Ionikos Nikaias (full name Athlitikos Omilos Ionikos Nikaias, A.O. Ionikos Nikaias / ) is a Greek multi-sports club that is based in Nikaia, Piraeus. It was founded in 1965, and it has teams in football, basketball, and water polo. The club's name derives from Ionia, the birthplace of many residents of Nikaia, which came to Nikaia as refugees after the Asia Minor Disaster. The club's colours are blue and white.

Departments
Ionikos Nikaias F.C., football team 
Ionikos Nikaias B.C., basketball team that plays in Greek Basket League (2019–)
Ionikos Nikaias Water Polo, Water Polo team that plays in A2 Ethniki Water Polo (2016–17)
Ionikos Nikaias V.C.
Ionikos Nikaias Tennis Club
Ionikos Nikaias Boxing Club
Ionikos eSports
Ionikos Nikaias Weightlifting club
Ionikos Nikaias Softball club

History
Ionikos Nikaias was founded in 1965, after the merger of the two former clubs of Nikaia (in those years called Kokkinia), Aris Piraeus and A.E. Nikaia. The first departments of the club were the football and the basketball teams. These are the most successful departments of the club so far. The football team has played in the Greek Super League (1st-tier) many times, and it has reached a final of the Greek Cup. It has also played in the UEFA Cup three times.

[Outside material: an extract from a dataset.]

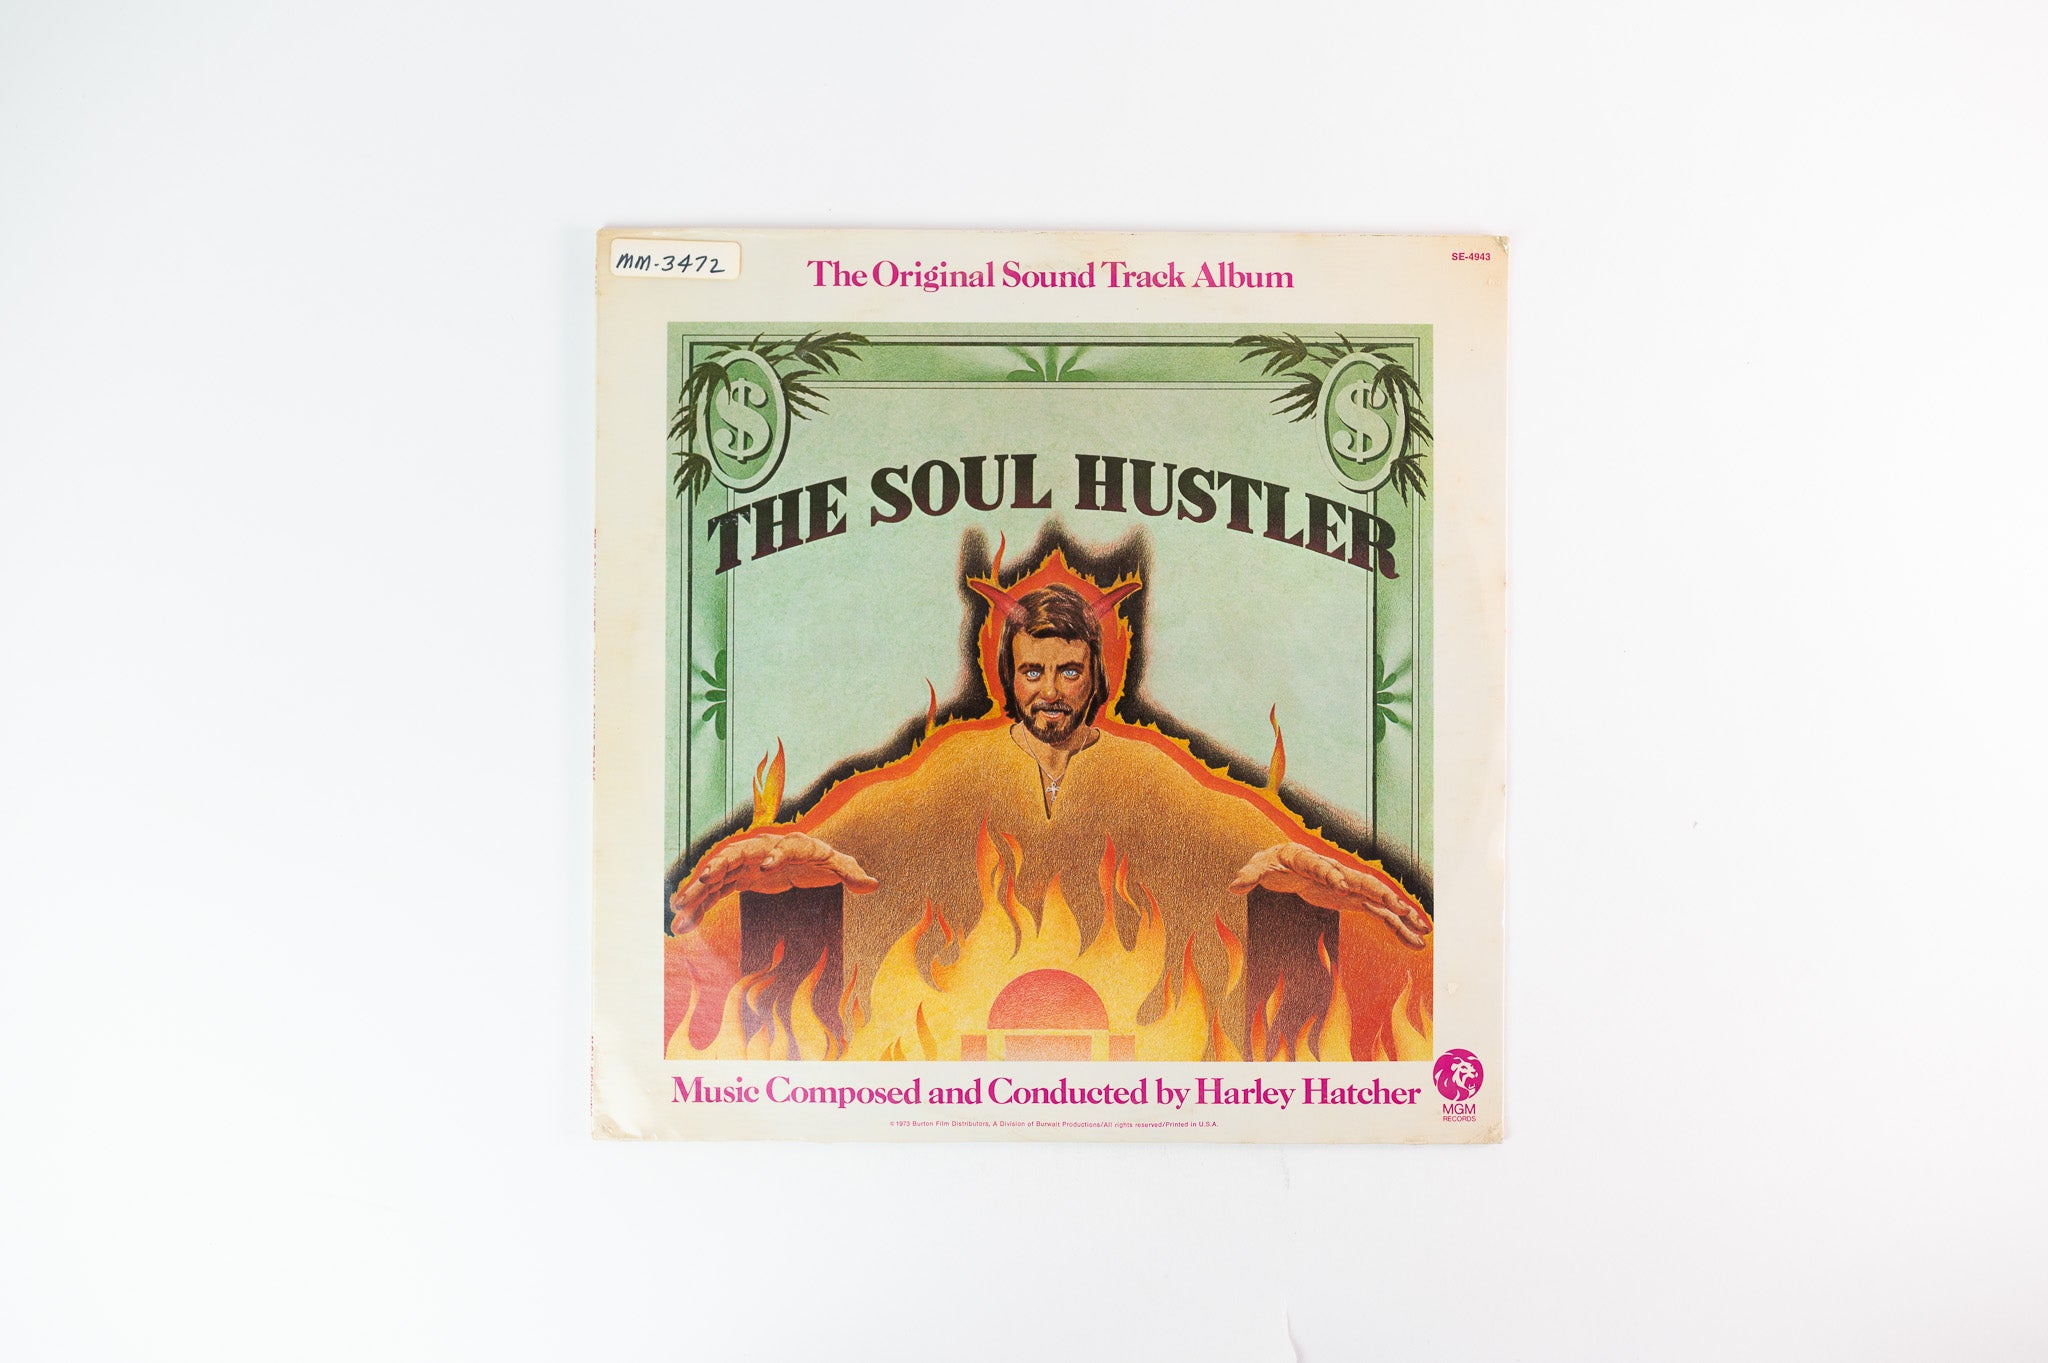 Harley Hatcher - The Soul Hustler (The Original Sound Track Album) on MGM Sealed

The basketball team of Ionikos, was also founded in 1965. The most important period of the club was the late 1970s and early 1980s, when the club played in the top-tier level Greek Basket League. Ionikos had notable players, such as Panagiotis Giannakis, and it played two times in the FIBA Korać Cup.

Ionikos also had a notable volleyball team, that had a  presence in A1 Ethniki Volleyball. This team was merged with Aris Nikaias in 2001, and formed the team of A.E. Nikaia. The successor of Ionikos achieved a win of the Greek Volleyball Cup in 2003.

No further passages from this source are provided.